Тот факт, что размер песенной строки совпадает с размером, которым написана вся сказка (тогда как в фольклоре песня-стихотворное вкрапление в прозаическое сказочное повествование), как бы отделяет словесную цитату от мелодии, которая становится элементом подтекста. Ведь традиционный фольклор не знает деления на стихи и прозу-он делает различие между тем, что поется (и потому оказывается стихом), и тем, что рассказывается; но песенная строка, перенесенная, пусть даже с абсолютной точностью, в стихотворную сказку, уже в силу такого окружения начинает звучать не по-песенному. К тому же в литературном повествовании стихи от прозы отличаются еще тем, что в них "чужое" слово подчиняется авторским интонациям. Дословная цитата оказывается далеко не точным повторением, особенно в стихе.
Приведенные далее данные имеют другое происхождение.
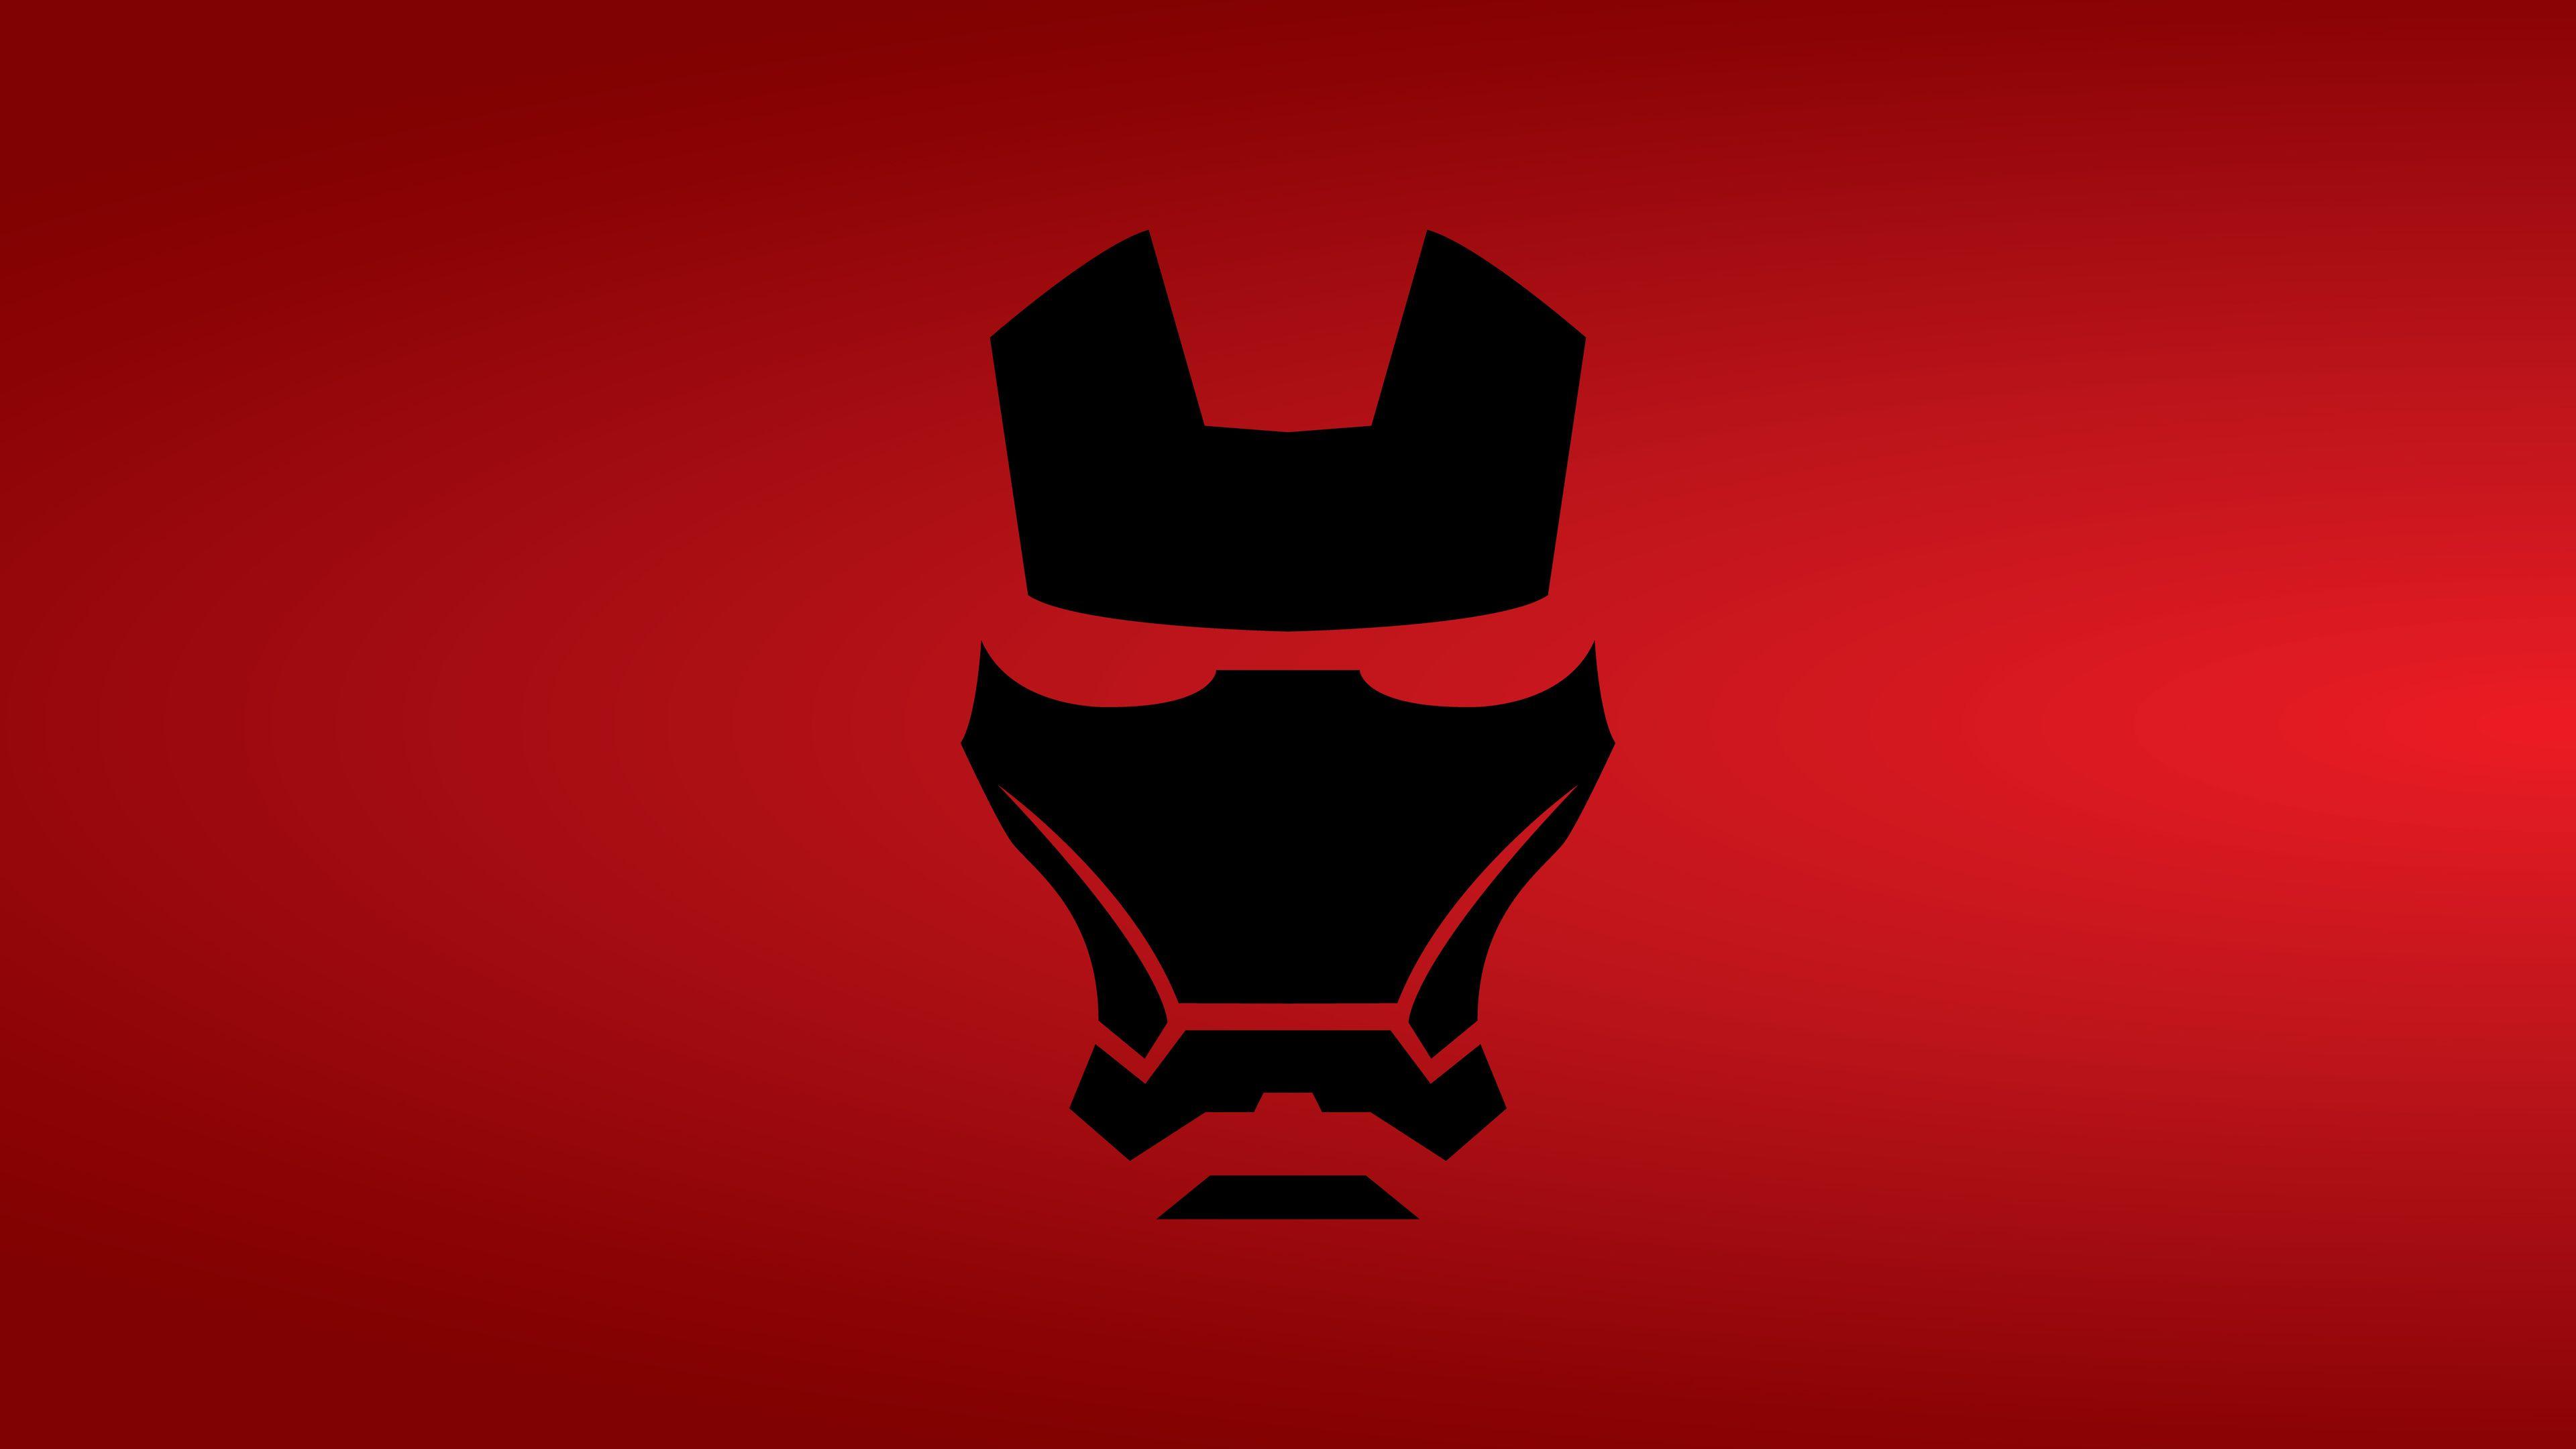 Iron Man Mask Minimalist 4k superheroes wallpaper, red wallpaper, minimalist wallpaper, minimalism wal. Iron man wallpaper, Red wallpaper, Minimalist wallpaper

В сказке Пушкина явное фольклорное вкрапление (народную песню, в отличие от сказки, следует цитировать точно, из нее-и об этом Пушкин напомнил своему современнику - "слова не выкинешь") содержит-ипритом на различных уровнях-некий литературный противовес; это прямое обращение к фольклору, подспудно таит в себе нарушение фольклорных правил. Создавая видимость строгого следования устной традиции, поэт добивается такого эффекта при помощи средств устной словесности неизвестных и литературных по своей сущности.
Если бы цитировалось произведение литературное, у читателя возникло бы желание вспомнить, кто же является автором знакомых строк. Но приводится песня народная, и первое и естественное стремление читателя-вспомнить, где он эту песню слышал прежде и как она звучала. Этот интерес к обстоятельствам бытования цитируемого фольклорного текста и направляет основной поток читательских ассоциаций, вызывая столь необходимое поэту наложение времен и расстояний, звуков и образов.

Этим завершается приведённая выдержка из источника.